I think I could try to write my own PPU Viewer so it helps me out with the memory structure of the PPU. What do you think of this? However, I feel like I don't really understand the "working cycle" of the PPU: it draws 256 scanlines plus the hidden ones [post-render?] and after that VBLANK takes place, during which PPU "calculates" the next frame (sprite 0 hit, nametable switching [if it's set], etc). That's a summary of what I understand.
A common first step in PPU emulation is to code an "instantaneous" PPU, which draws an entire frame all at once every frame, sampling the PPU settings (scroll, palettes, etc.) from a specific time in the frame.
This is horribly inaccurate, and anything that requires any sort of CPU-PPU synchronization will fail, but a few games should be playable this way.
This will help you familiarize yourself with the formats of the pattern, name and attribute tables, as well as various other settings and components that impact the way the image is rendered.
Once you understand how the data is used to form a picture, you can increase the parallelism and simulate the PPU alongside the CPU, doing all the memory fetches and logic that the actual PPU does.
Do what tokumaru says. Additional points alongside his:
- Don't worry about mappers. Focus only on first-generation mapper 0 (NROM) games for now
- Use games like Donkey Kong, Mario Bros (NOT Super!), Clu Clu Land, and Pinball as starting games. They make for good test subjects. You *can* get these working with the model/method tokumaru describes
- Yes, you will need NMI, guaranteed.

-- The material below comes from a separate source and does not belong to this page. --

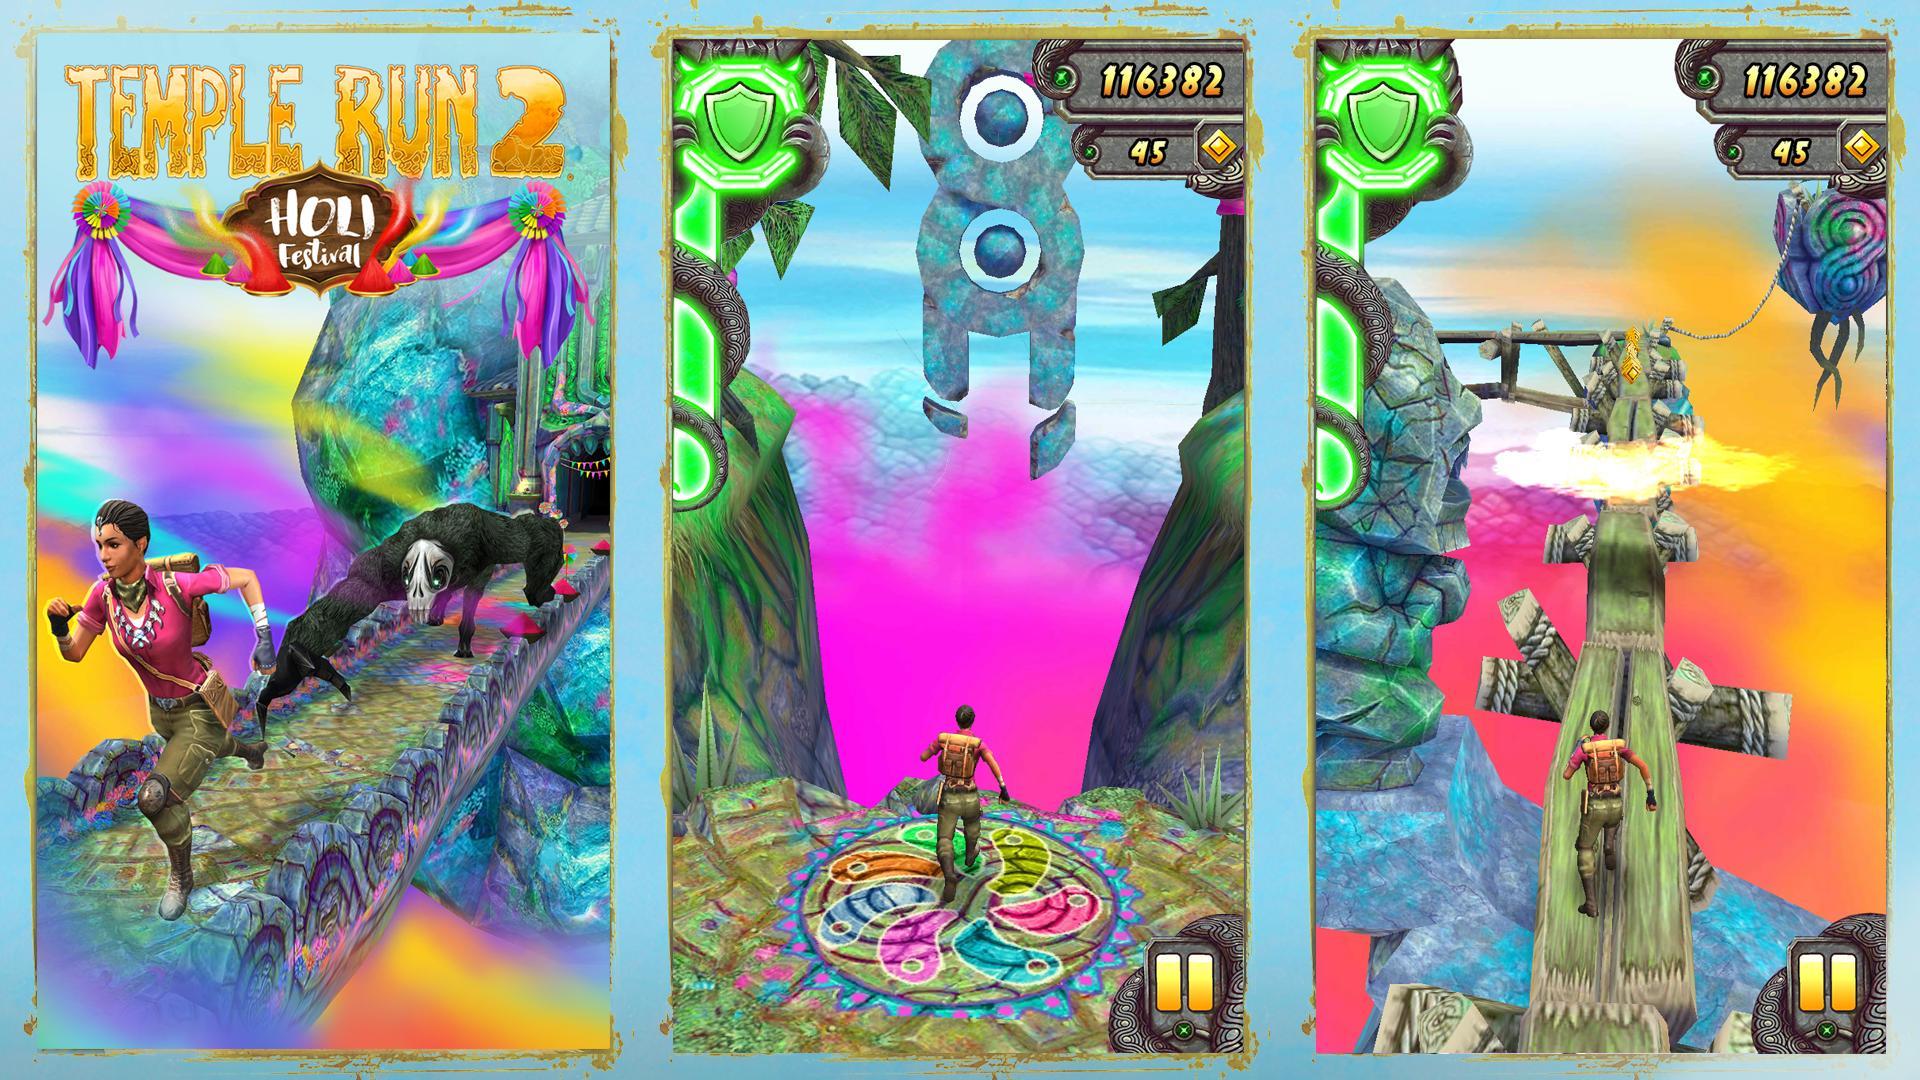 Temple Run 2 screenshot 1

Bit 7 of $2000 will play a critical role in getting things working, along with bit 7 of $2002 (else you'll find game code spinning waiting for that bit)
- You will need to implement some generic joypad methodology for $4016/4017, else some games will spin waiting for certain behaviour
- Don't worry about IRQ for now
- Don't worry about audio for now
Edit: clarification (d7 of $2000 vs. $2002)
Surprisingly, Mappers aren't that hard, and games like Mega Man or Mega Man 2 will work fine even with an instantaneous rendering PPU.
Yeah, definitely, I'll do what tokumaru suggests. Thank you for your anwers!
No offense, but I'll say my opinion - do
NOT do what he's saying. Reason - you are going to write an inaccurate software and placed down to the others. I experienced this back in 1998. Try to follow what's described in the PPU section (even if it looks crypt) and
always have a goal of ACCURACY. Otherwise, as I said, you're producing something NOT interesting, since we have
tons of NES emulator projects, but only a few ones made a public release.
The choice is yours now.
I certainly didn't suggest releasing an emulator with a crude PPU implementation to the public, but as a private milestone, it makes sense to implement things in the simplest possible way to increase your understanding of that thing.
As long as people are capable of telling apart personal accomplishments from products worth releasing, it's OK to make things that are less than perfect. This is true for emulators, games, or anything really.
The one wrinkle in that: Certain well-known source code backup services tend to charge more for a private project than a public one.
That's only a wrinkle if you choose to make it one and happen to insist on using that particular code hosting service and don't want to or can't pay for a private repo.
And FWIW I don't see anything wrong with "making available publicly because I don't want to or can't pay for a private repo". Especially because, if you aren't going around advertising it, your random repo in a sea of millions will likely go unnoticed anyway.
The only question I have is whether hitching your emulator to a fundamentally inaccurate PPU will add technical debt that'll be a pain to pay off in the future. But I've never written an NES emulator, so I don't have much to add there.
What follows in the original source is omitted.